En ambas áreas, las inversiones estuvieron dominadas por algunas grandes inversiones en grandes empresas (por ejemplo, Didi, Mobileye y Uber); la conducción autónoma también tenía una larga cola de pequeñas inversiones en nuevas empresas tecnológicas.

La imagen es muy diferente en el clúster de conectividad, donde las inversiones se han centrado casi exclusivamente en pequeñas y medianas empresas especializadas. Las inversiones en electrificación y almacenamiento de energía son más pequeñas que las inversiones en otras tecnologías, muy probablemente porque las compañías automotrices están invirtiendo en estas tecnologías internamente.

El análisis también revela fuertes vínculos entre los diferentes conglomerados de ACES (como lo muestra su proximidad en el mapa de nodos), que enfatiza la amplia aplicación de las tecnologías subyacentes.

Por ejemplo, el aprendizaje automático es la tecnología subyacente para el software de conducción autónoma y de reconocimiento de voz, entre otros. Esto sugiere que las empresas deberían considerar las oportunidades a la luz de la tecnología que se utilizará en lugar de las ofertas que se desarrollarán.

No es de extrañar que más de la mitad de las nuevas empresas que actualmente reciben inversiones tengan su sede en Estados Unidos, lo que implica tanto el número de empresas como el volumen de inversión. China sigue y Europa está muy rezagada. Pero como muestran los datos de SILA, un ecosistema de movilidad está tomando forma rápidamente en todo el mundo.

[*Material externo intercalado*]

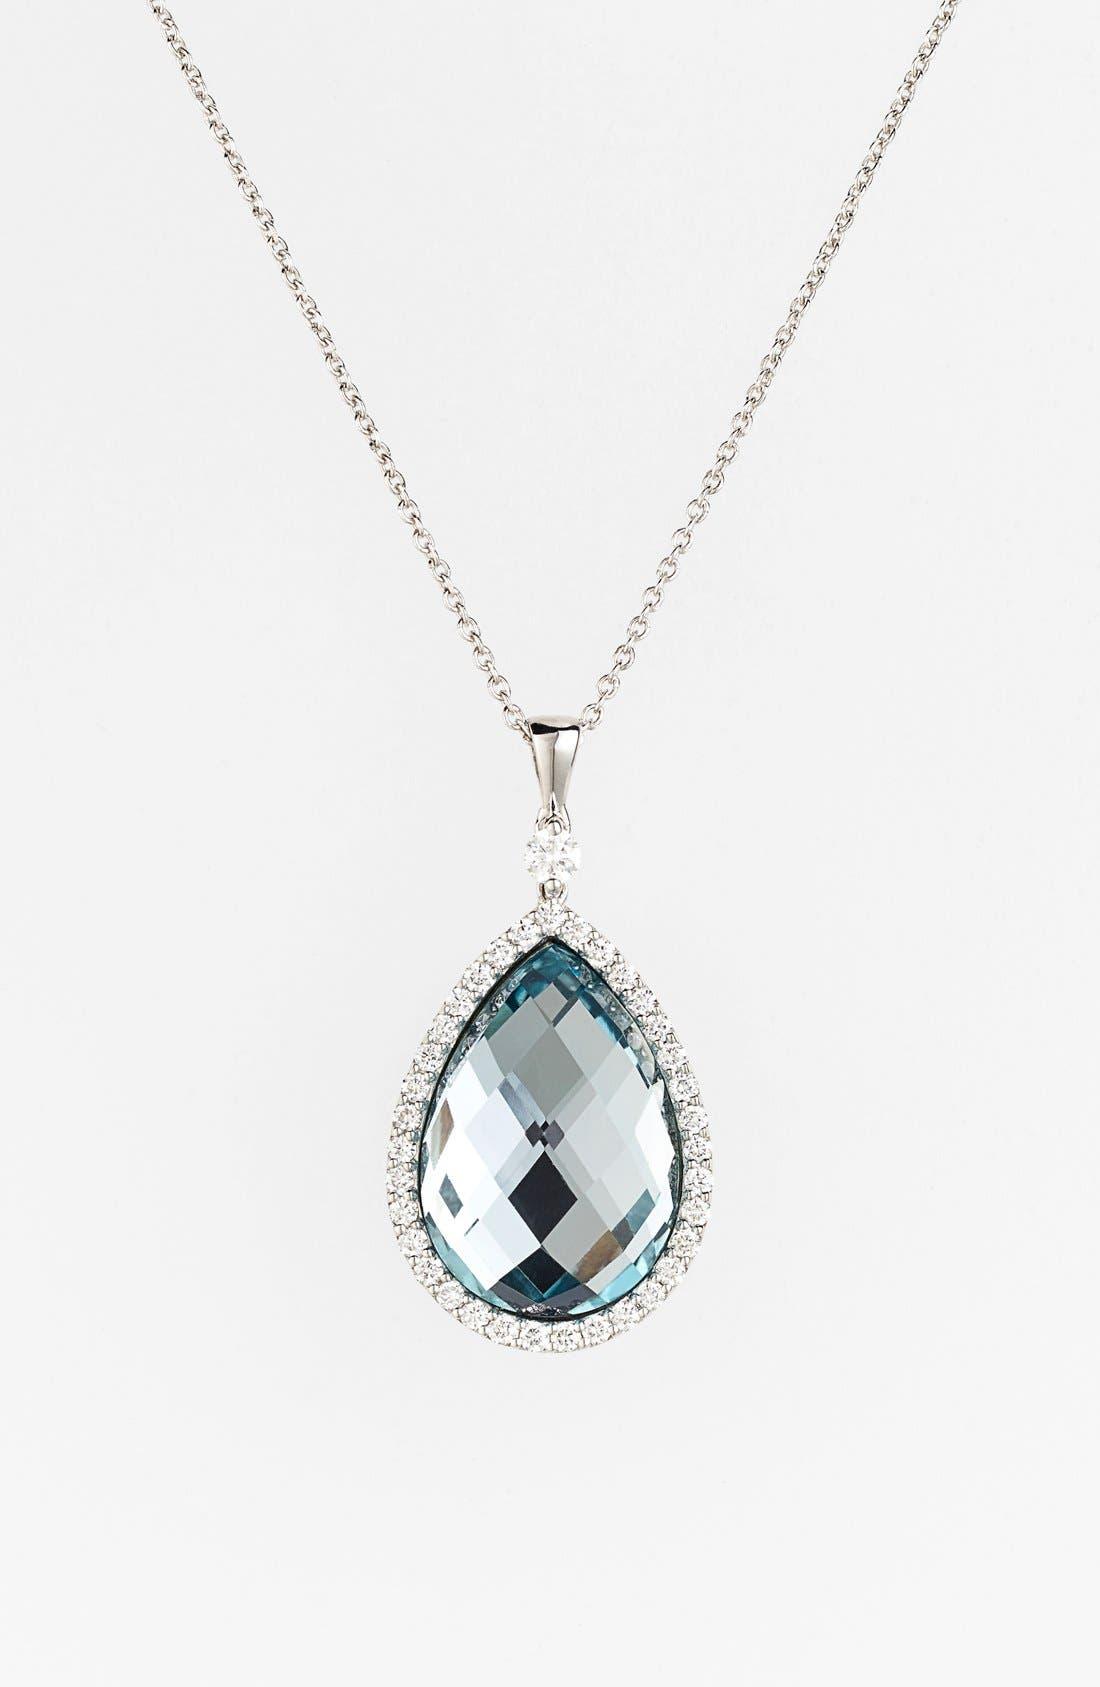 Main Image - Roberto Coin Diamond Teardrop Pendant Necklace

Este ecosistema es más que solo Automotive Industry 2.0. Liderar en el nuevo paisaje requerirá competir con múltiples jugadores nuevos -muchos que no provienen de un entorno automotriz tradicional- e integrar diferentes capacidades.

Para los OEM y proveedores tradicionales, así como para los nuevos participantes, será esencial adoptar una mentalidad de ecosistema.

Hace poco más de100 años, Ford creó una compañía de autos utilitarios para uso masivo. Hoy, la empresa sigue en pie con ciertas dificultades, y la industria vive una revolución.